> DATA BLOCK:
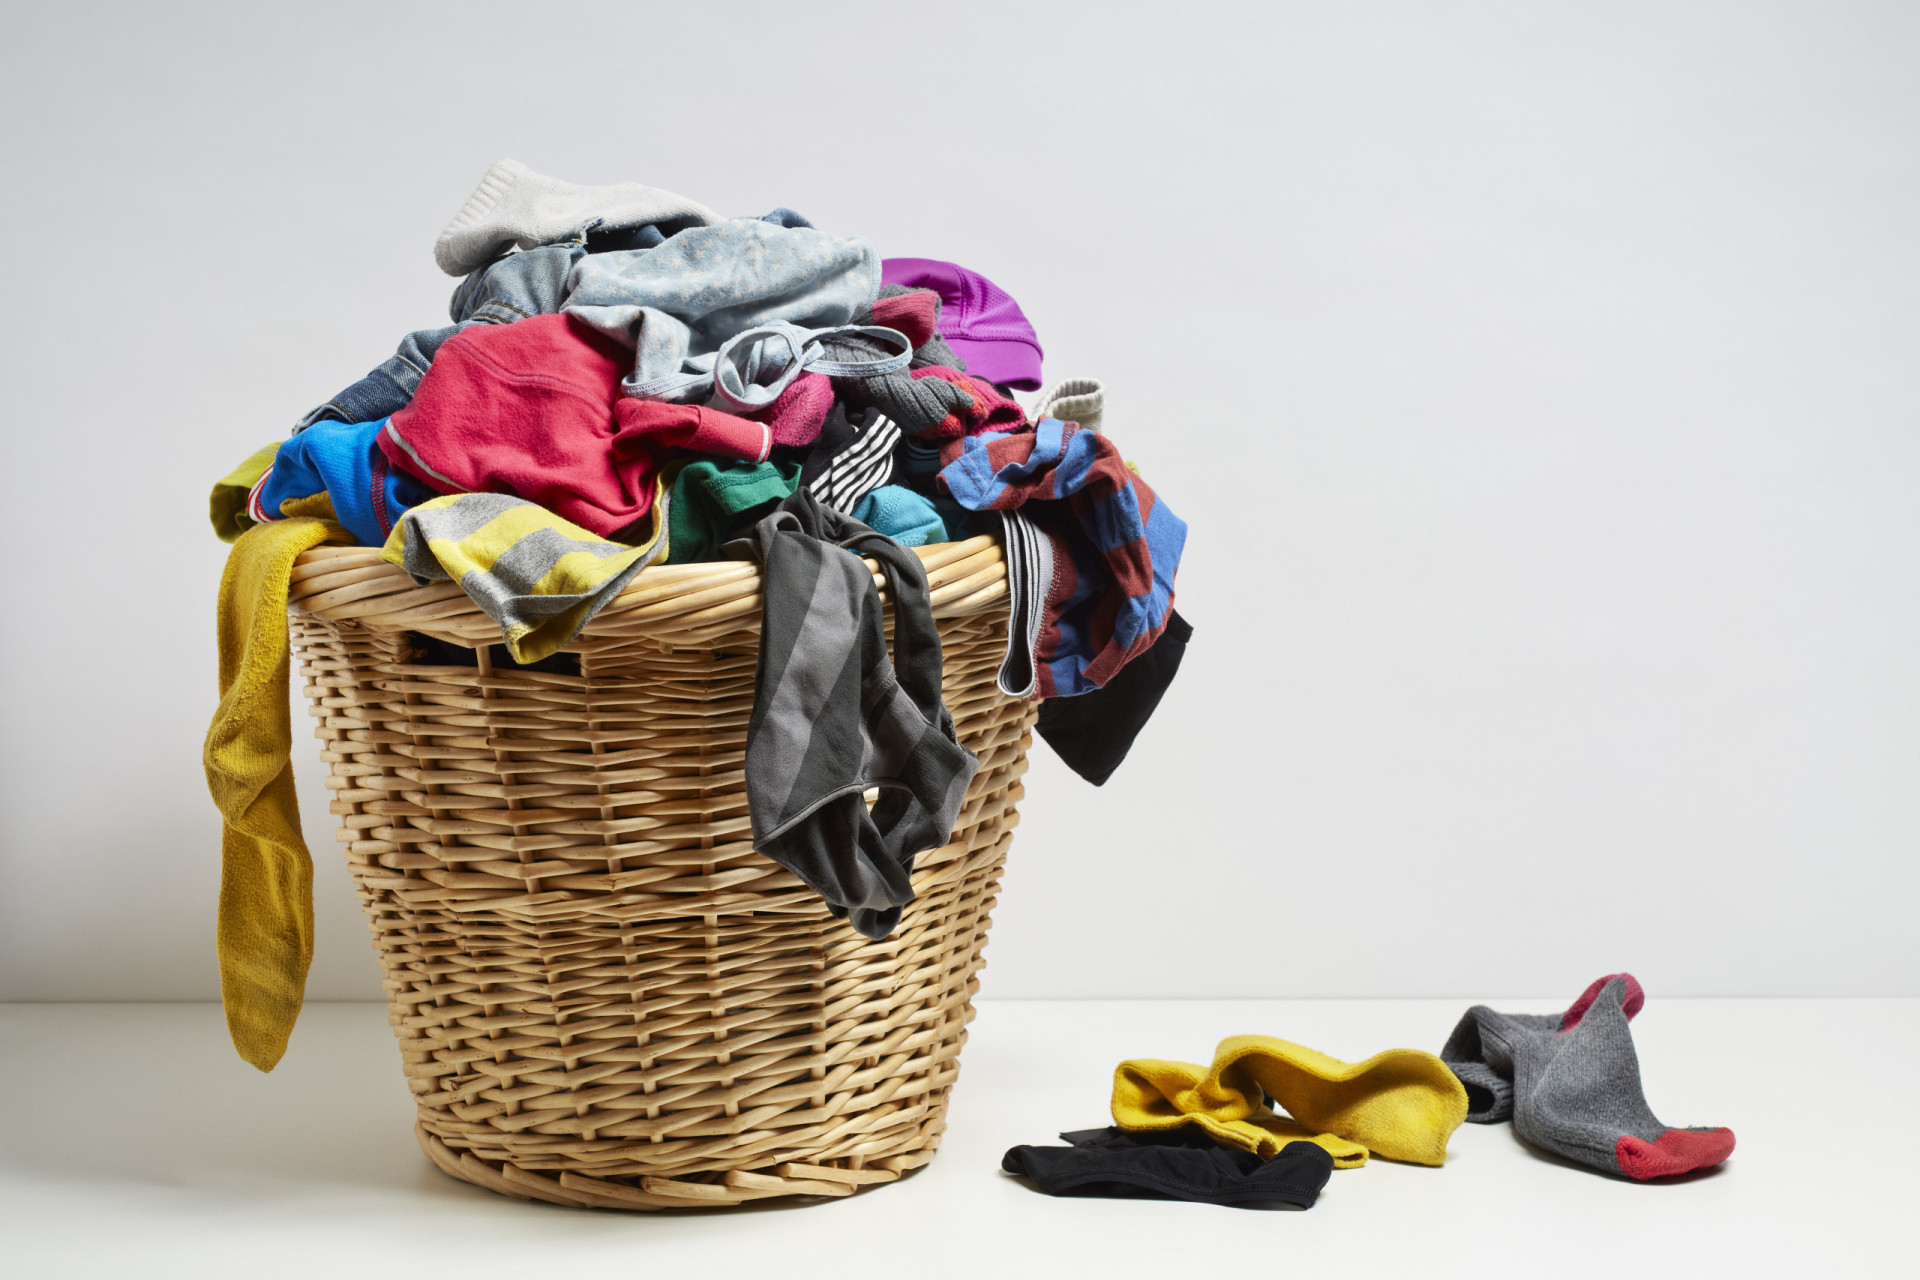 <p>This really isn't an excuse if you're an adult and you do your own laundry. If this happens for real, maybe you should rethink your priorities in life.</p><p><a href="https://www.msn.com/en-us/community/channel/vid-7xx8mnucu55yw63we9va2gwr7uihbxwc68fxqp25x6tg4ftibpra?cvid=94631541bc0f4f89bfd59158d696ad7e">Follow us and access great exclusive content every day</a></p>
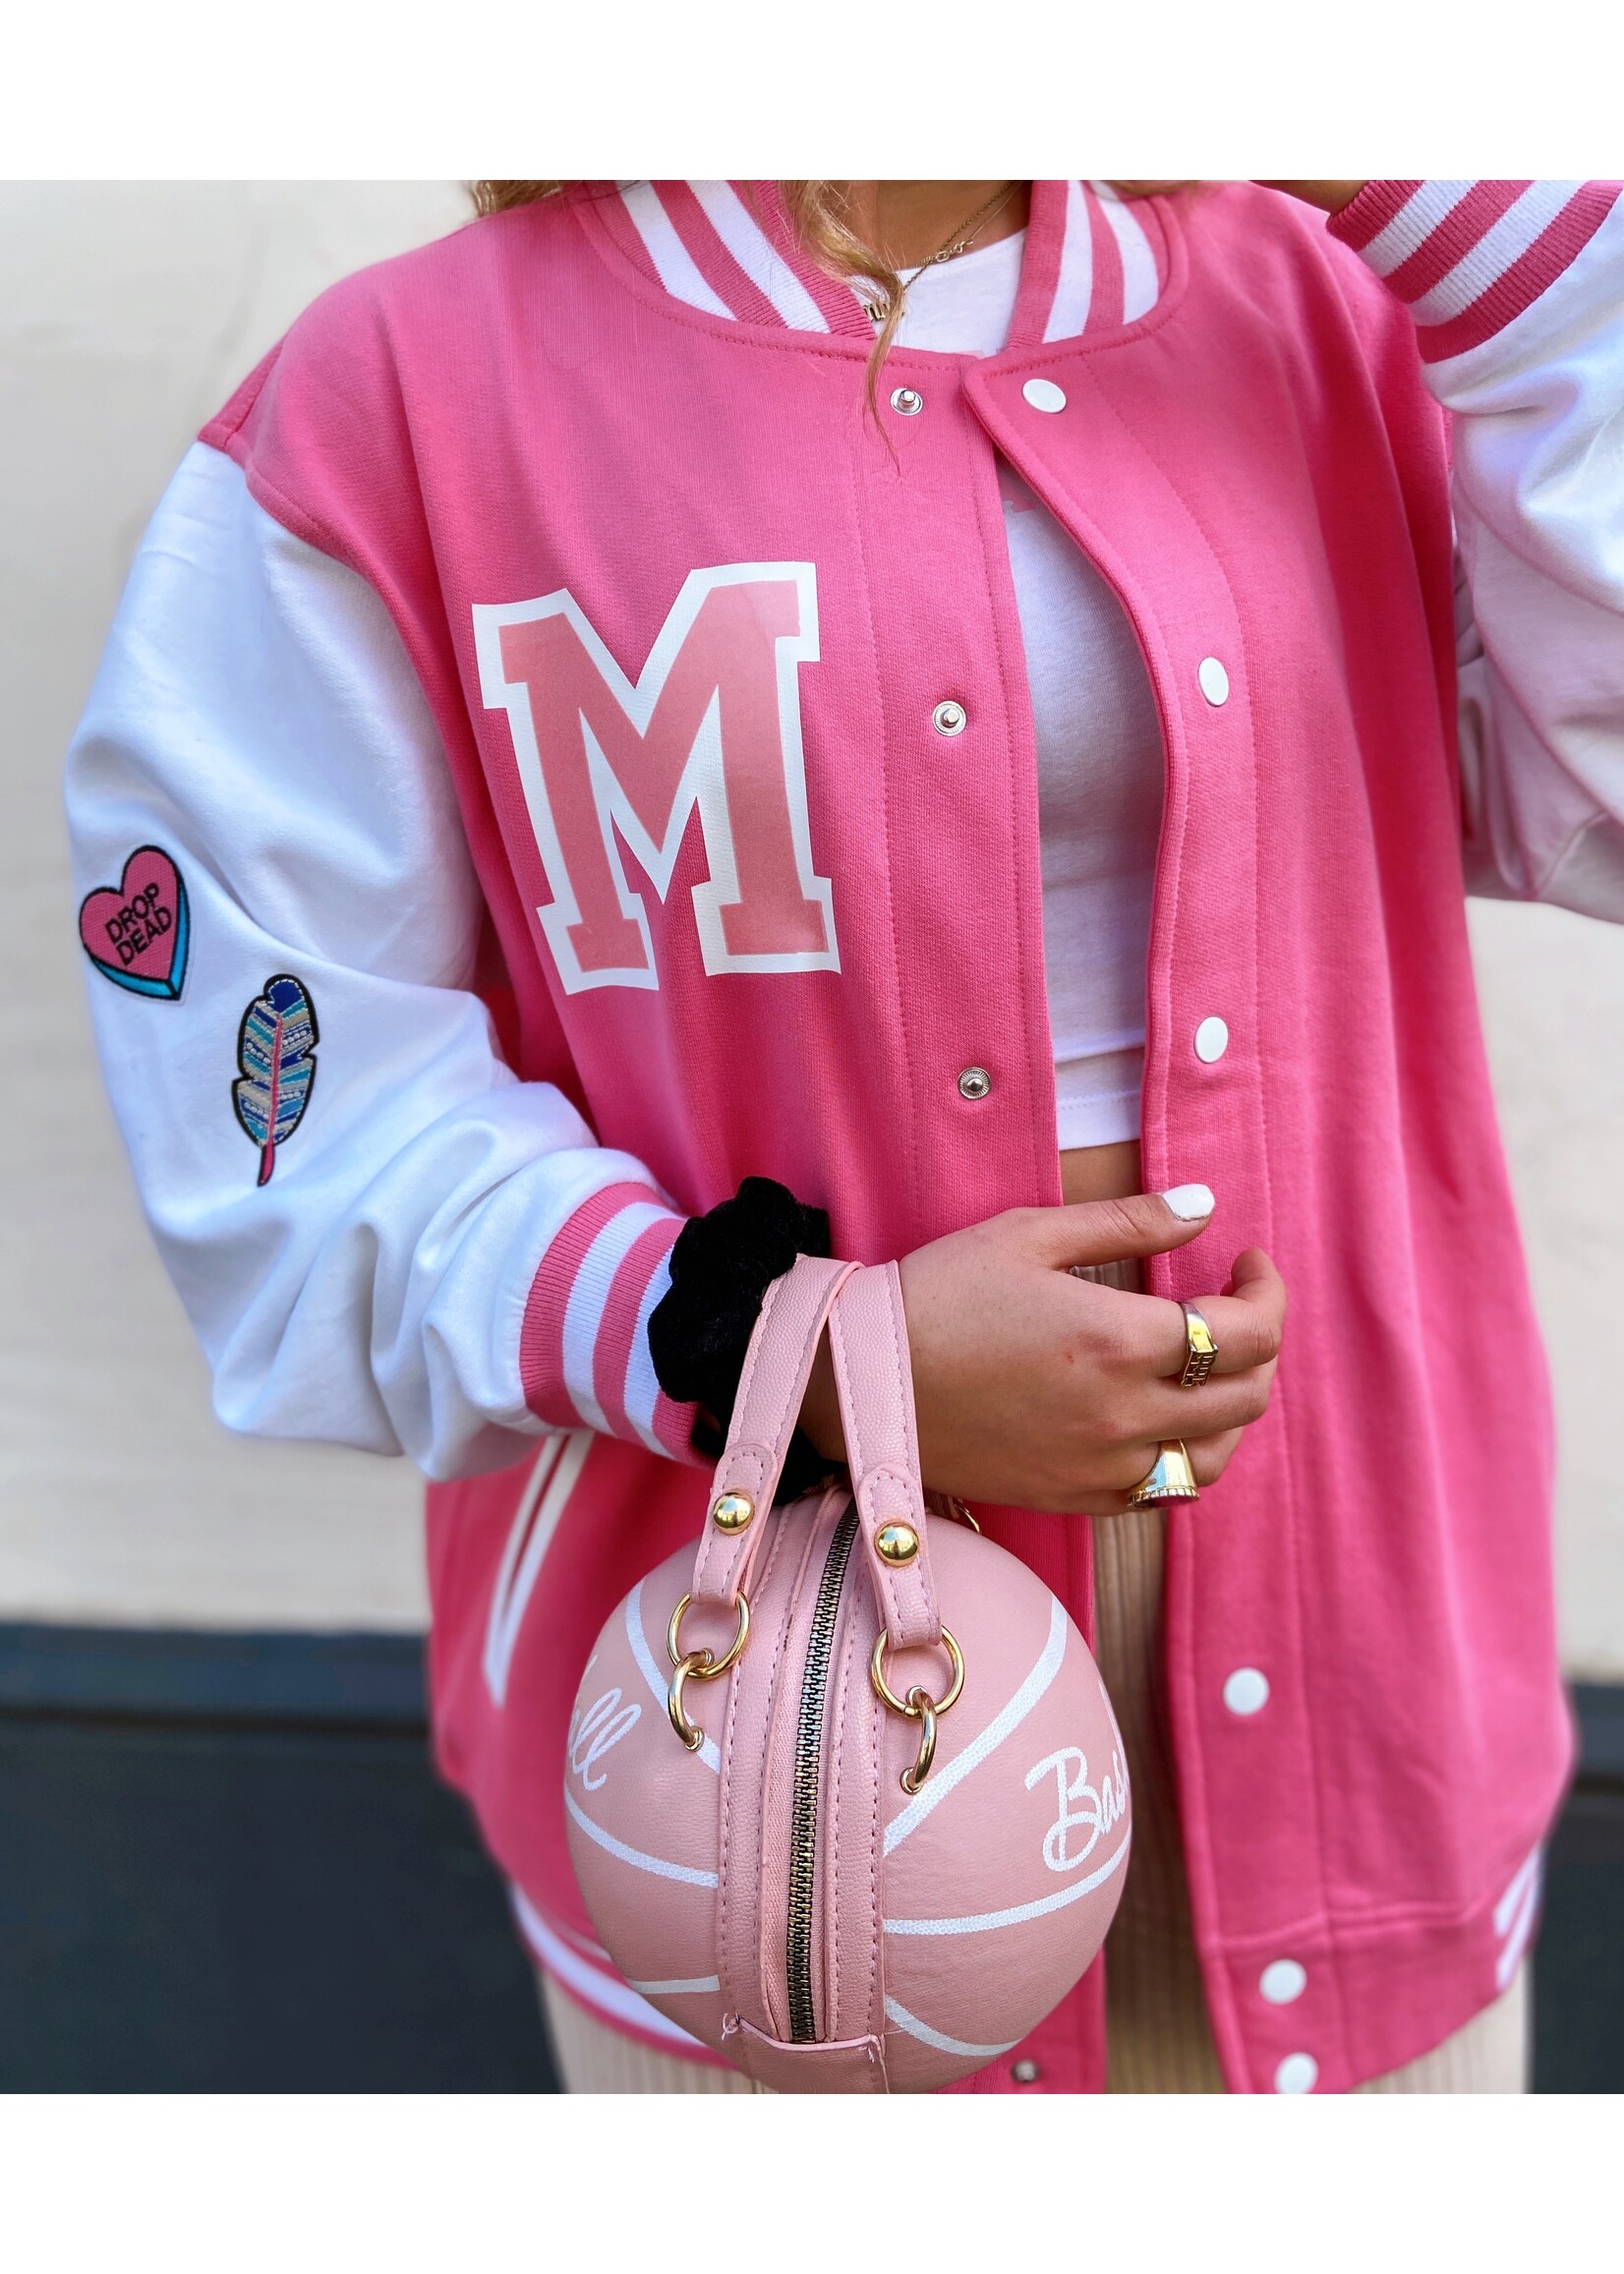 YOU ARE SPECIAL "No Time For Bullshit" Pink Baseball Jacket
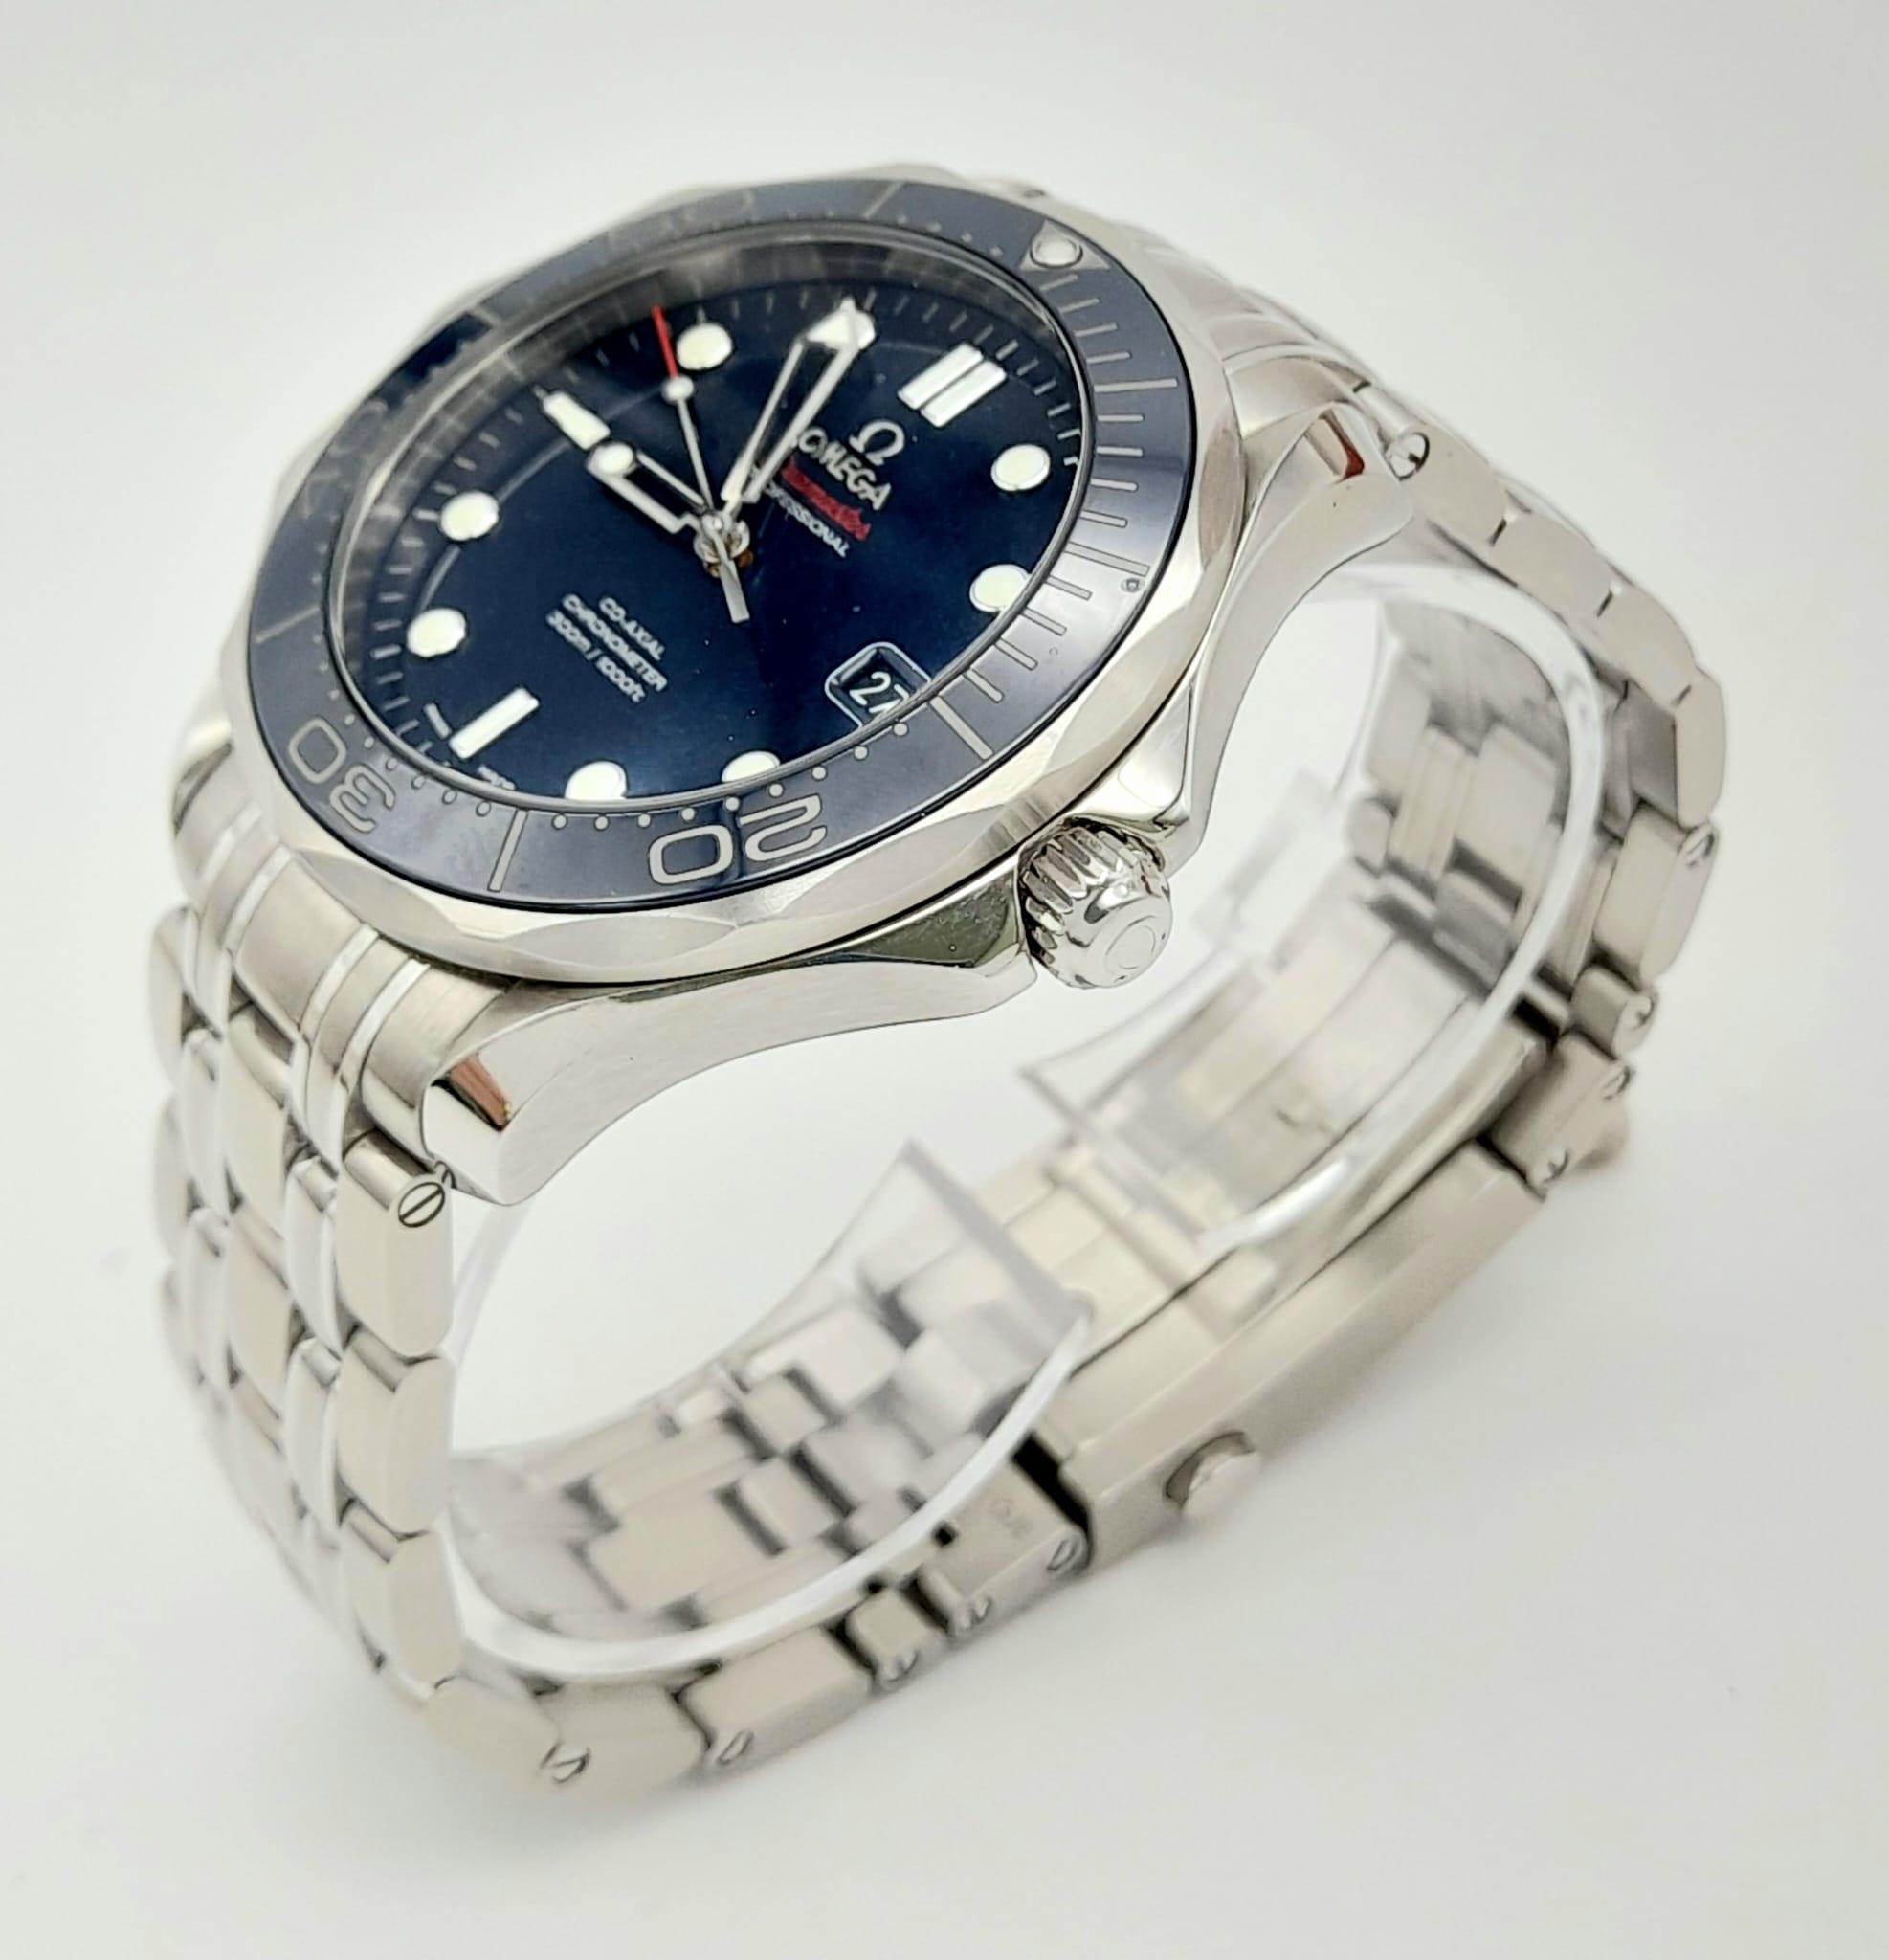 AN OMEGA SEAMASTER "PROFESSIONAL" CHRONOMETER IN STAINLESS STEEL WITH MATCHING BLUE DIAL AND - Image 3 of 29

> YOUR INSTRUCTIONS: Nothing but the lines from the one that contains "YOU ARE SPECIAL" through the end of the material above is to be reproduced, exactly and without pictures.

> RESULT OF THE TASK:
 YOU ARE SPECIAL "No Time For Bullshit" Pink Baseball Jacket
 AN OMEGA SEAMASTER "PROFESSIONAL" CHRONOMETER IN STAINLESS STEEL WITH MATCHING BLUE DIAL AND - Image 3 of 29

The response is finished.